Ce roman délivre un message émouvant et porteur d’espoir sur le pouvoir de la foi en l’homme et de l’entraide. Les cinq personnages, plus le fantôme de Claire, se rassemblent, tissent des liens, se guérissent les uns les autres. On découvre chaque histoire progressivement, l’auteur dévoile petit à petit, par touches, émotions, confessions, ce qui les a rendus uniques aux yeux du vieil homme. Chaque personnage va s’affranchir de son entrave personnelle, rencontrer l’amour, ne plus douter et avoir peur, écouter et être entendu, laisser aller ses émotions. On est touché par des passages très forts, puissants, émouvants, comme celui sur Marc en Afrique et la femme qu’il a voulu sauver, ou les pages sur Hélène et la photographie de Claire.

Ce qui m’a moins plu

C’est un livre assez lent, mélancolique, qui progresse à tâtons, et pour cette raison ne touchera pas tous les lecteurs de la même façon car il s’approche avec patience.

Extraits

Incipit « Ils sont là, derrière la porte. Il ne faut pas que je rate mon entrée. Maintenant que je les ai trouvés, tous les quatre, que je les ai rassemblés, il va falloir que je les réunisse. Réunir, ce n’est pas juste faire asseoir des gens dans la même pièce, un jour. C’est plus subtil.
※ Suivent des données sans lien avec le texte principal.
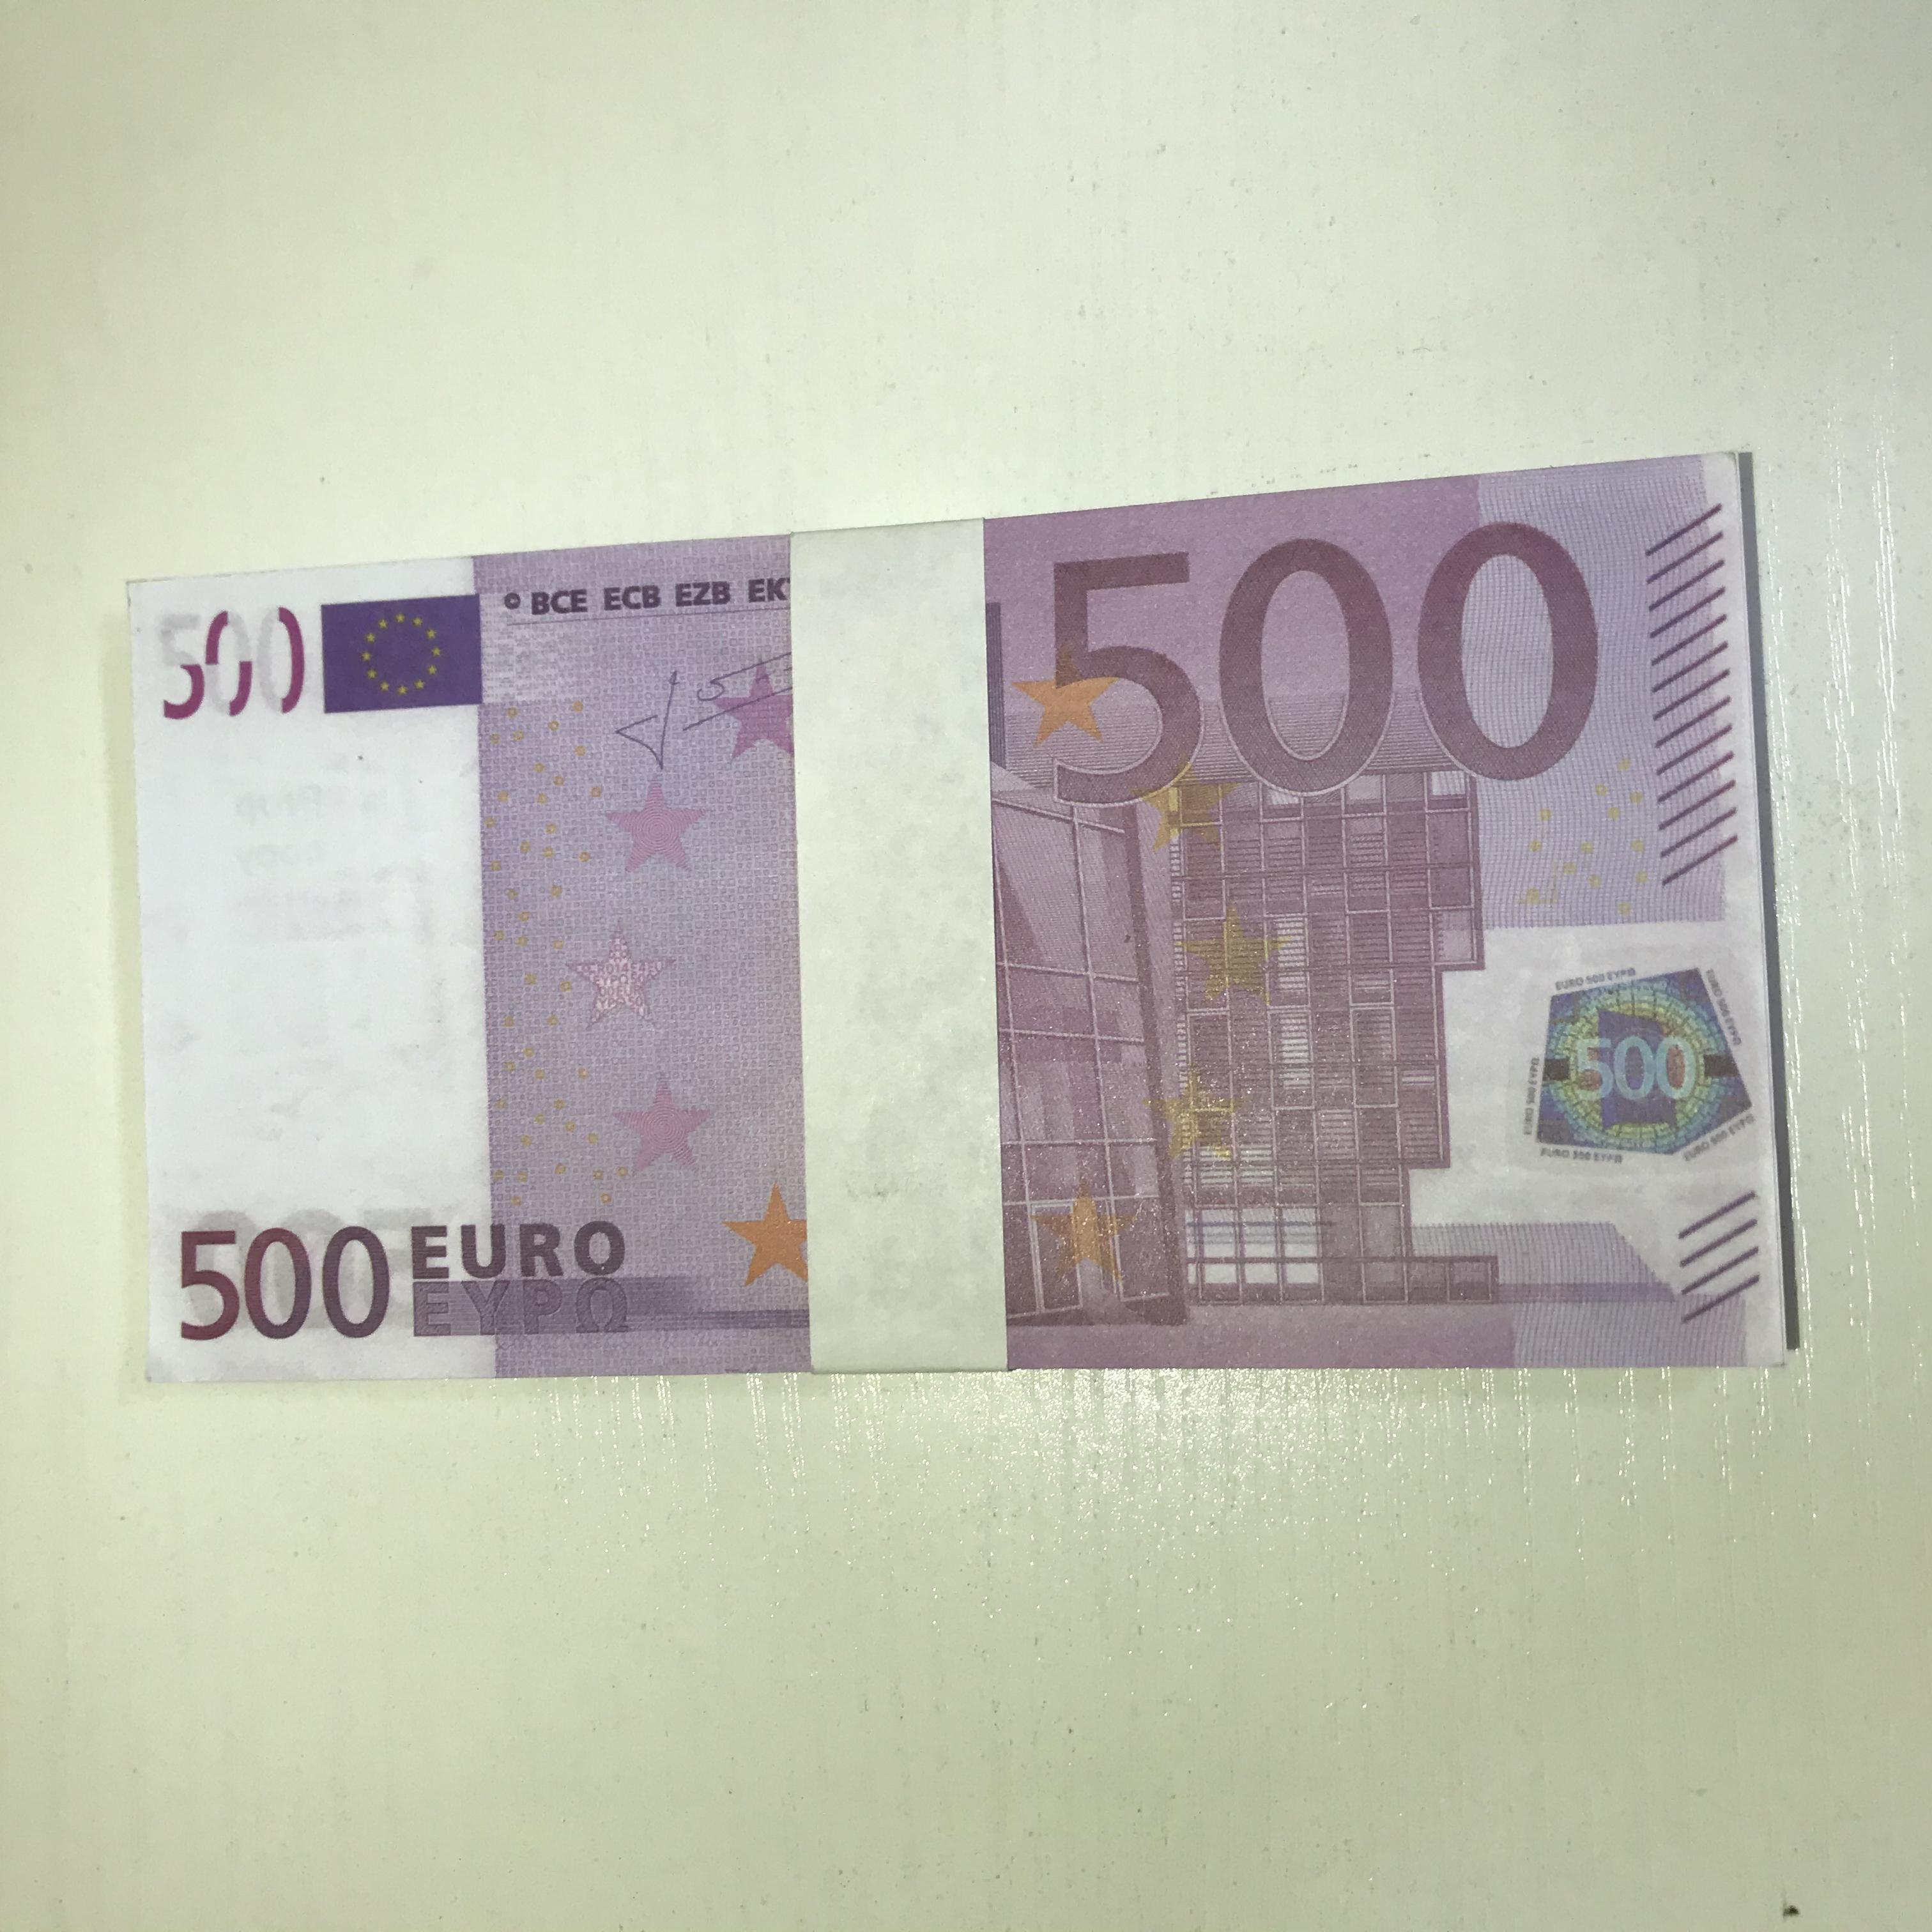 Billet Billet Billet Billet Nouveaux Enfants 500 livres Magie Papier Cadeau Papier Dollar Dollar Dollar Dollar Le500-30 Ftrbo Ticket Euro Uhmgr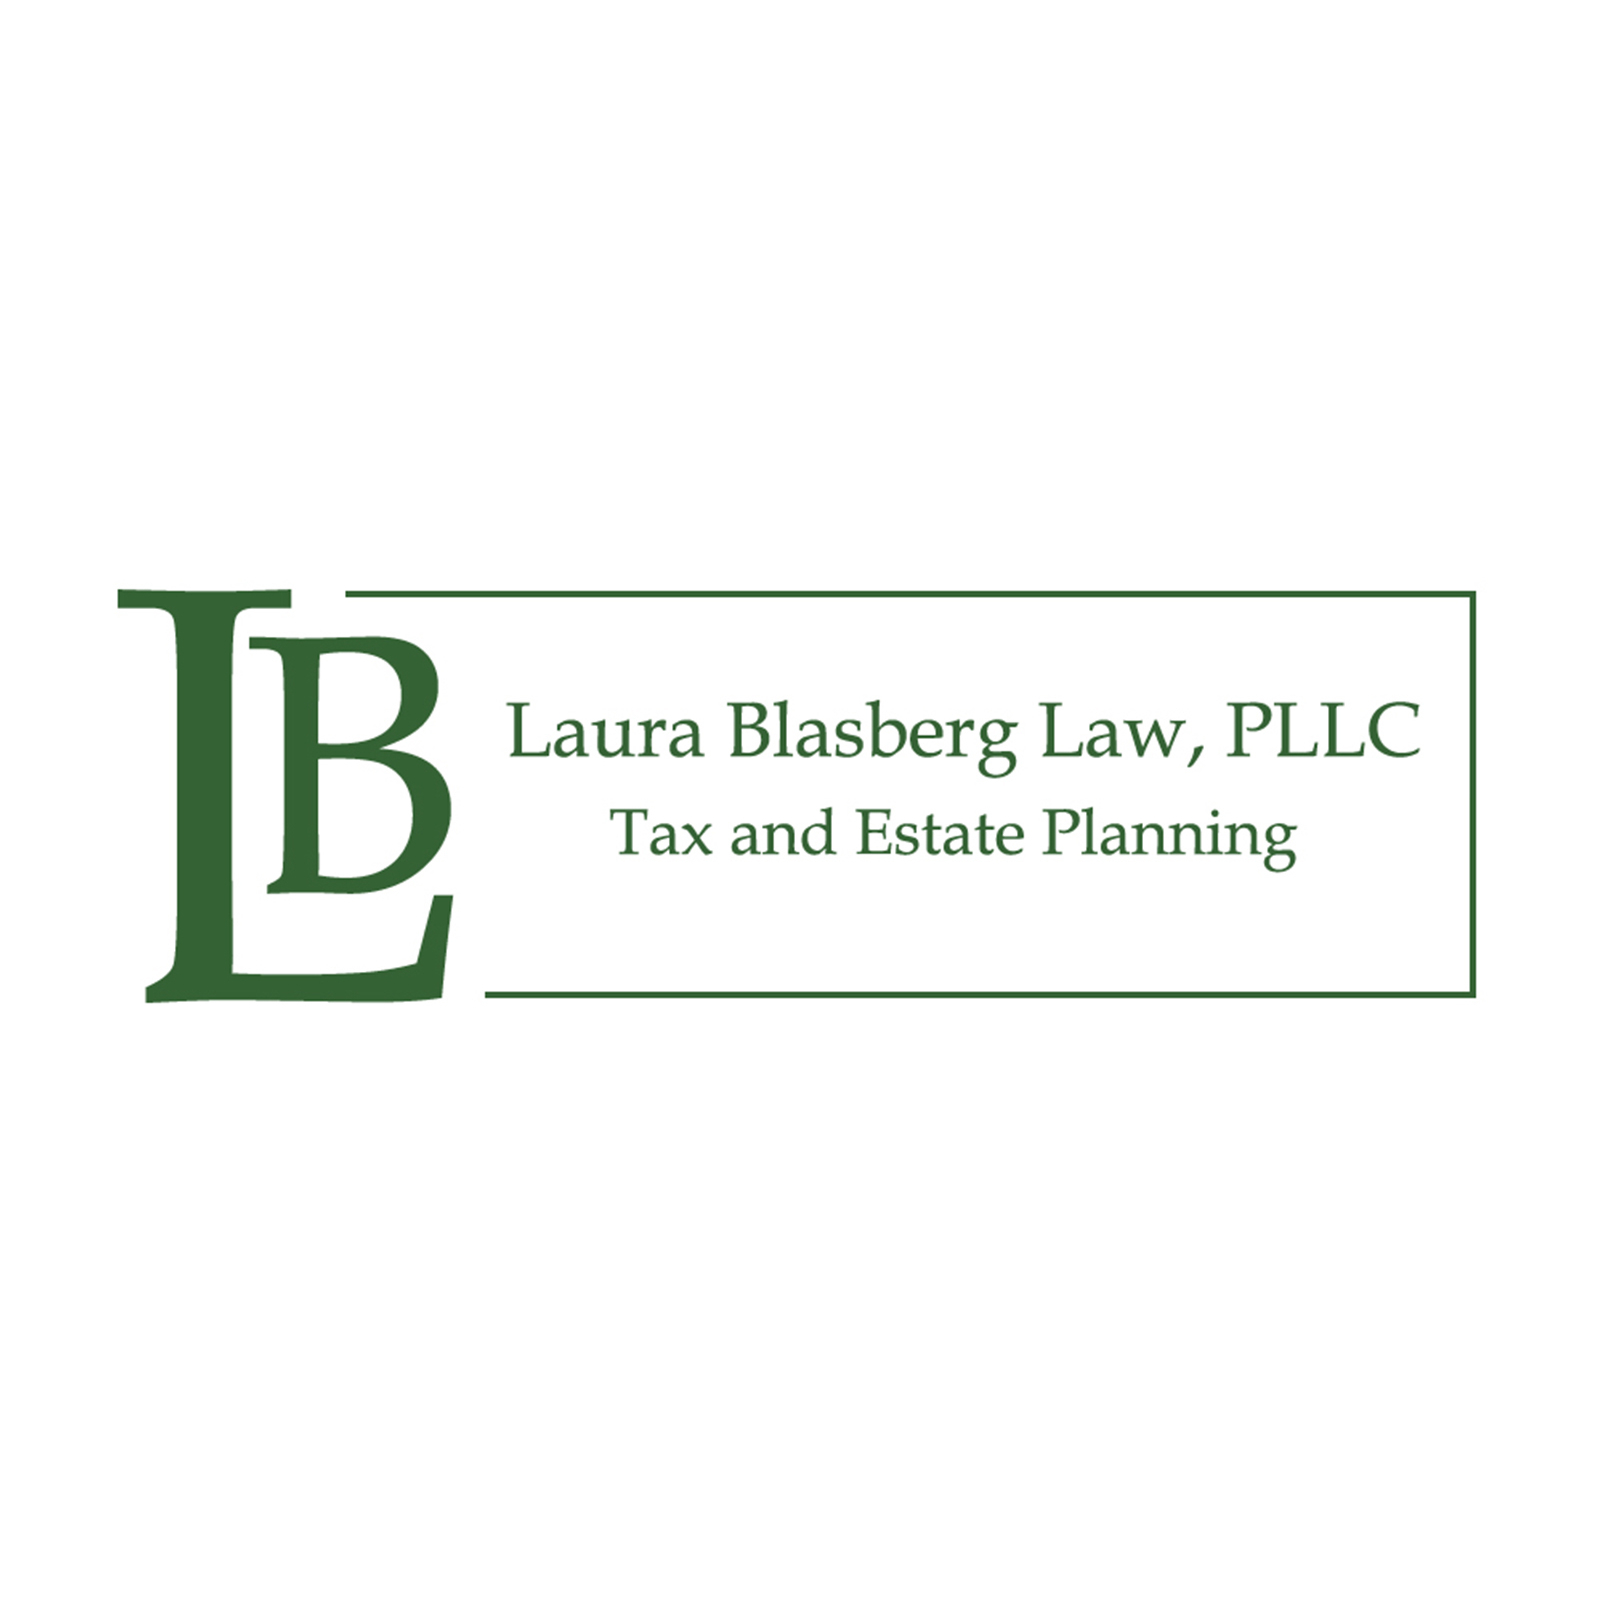 Laura Blasberg Law, PLLC

Il faut qu’entre eux se tisse quelque chose de fort.

Autour de moi, mais en dehors de moi. »

Les liens se nouent petit à petit

« Cette nuit-là, chacun des quatre ignore ce qui s’est levé dans le cœur des autres. Quatre cœurs en éveil, reliés. Ce ne sont ni la lune ni les étoiles, que chacun d’eux pourrait voir s’il tournait son regard vers le ciel, qui tissent le lien. Les liens sont invisibles… et chacun d’eux fait, à sa façon, l’épreuve de l’obscurité. Ce qui pénètre de la clarté nocturne du ciel dans les chambres ne change absolument rien à ce qui noue une gorge, tient des paupières ouvertes. Le beau mot d’angoisse qui signifie l’étroitesse de la vie ne suffit pas non plus à nommer tout ce qui se passe. Pas plus que le mot amour… Quelque chose d’inconnu fait route. »

« Les quatre qui ont accompagné ma journée aujourdhui, depuis si longtemps que je ne touche plus le corps des hommes, des femmes, que je ne sauve plus personne, ces quatre-là, ce sont ceux qui peuvent menseigner aujourdhui.

Il ny a pas de maître. Pas de fils de dieu. Pas de prophète.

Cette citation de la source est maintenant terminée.